It’s funny, we didn’t call him Orion very often, yet he always knew his name. When we got him, we already had Merlin, and for several years it was just the two of them and us — “the dog” and “the puss cat”. He answered to both, Orion & puss cat. Even last night, when the vet said, “Orion”, he turned up and looked at her. Just amazing to me.
I’m so glad I worked from home yesterday, because it was so normal, he was in my lap, head resting on my arm while I worked.
He’d been fading, and had started to become sort of incontinent… just not making it all the way to the litter box. But last night he lost control and went in the bed. I picked him up and put him on the floor, and he did something he’s never done in 16 years… he stayed there, laid down on his side, and laid his head down too. His breathing was very rapid as well, so we knew. And we took him to the vet hospital (24-hours). They were his regular vets there as well, so it was a comfort in that way…

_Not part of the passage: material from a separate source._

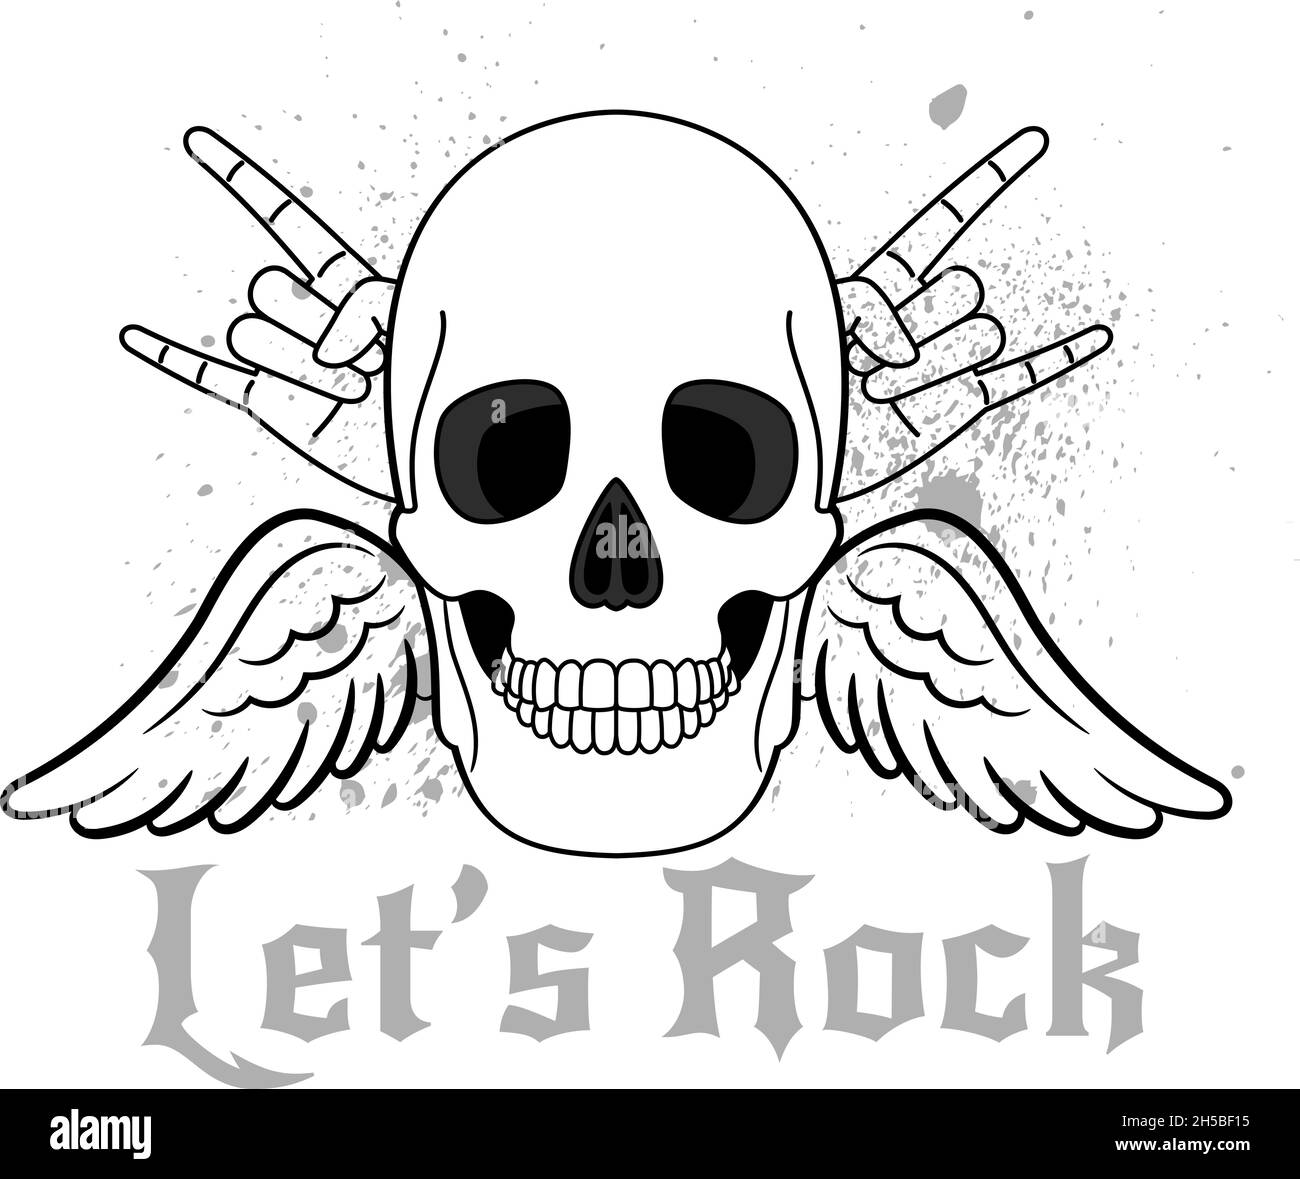 Lets rock logo. Cartoon sticker of cool skull, poster element of musical festivals, vector illustration tattoo for musicians of metal music isolated on white background Stock Vector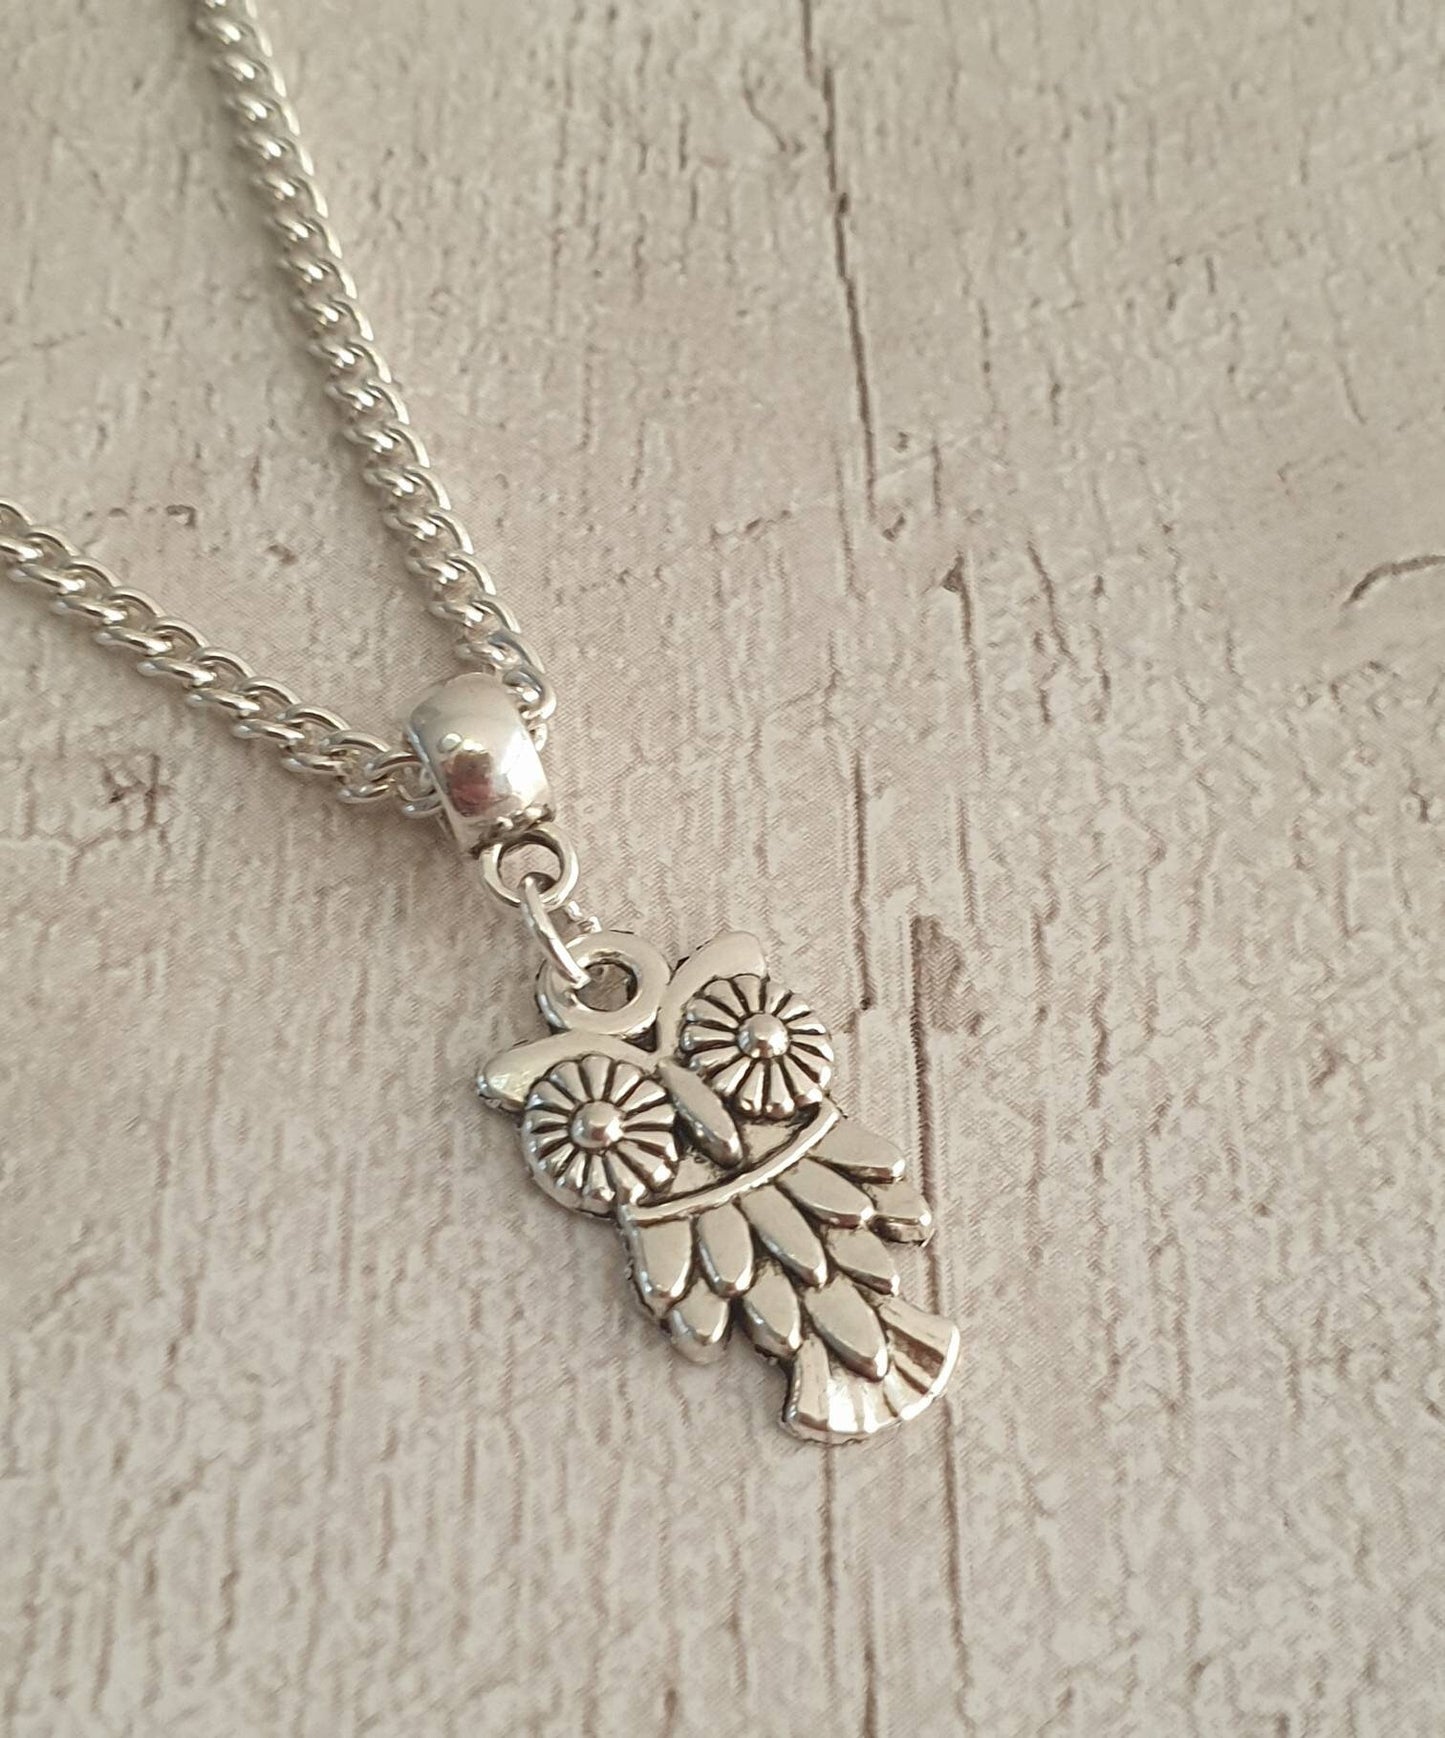 Handmade Antique Silver Owl Charm Necklace Silver Plated Or Waxed Cord Variable Lengths, Gift Packaged - Premium  from Etsy - Just £5.49! Shop now at Uniquely Holt

He was gentle always, and loved humans, no matter who visited us, he wanted pets from them… Only exception was when he felt threatened like at the vet’s. Then he would get his Brooklyn feral up. A few months ago, even though he was already sick, it took 4 humans to hold all 6.5 lbs of him so the vet could get blood. Last night, when the vet brought him back after inserting the catheter, she said how good he was.. us: he didn’t fight you? doc: nope, he was easy. <sigh>
He purred for us last night, his really big purr, with coos included, he said goodbye and I feel fortunate in that because I know from my own experiences, it is not always the way.
I was always his human, he was always my familiar. I experienced with him communication on a level I didn’t know existed until I met him.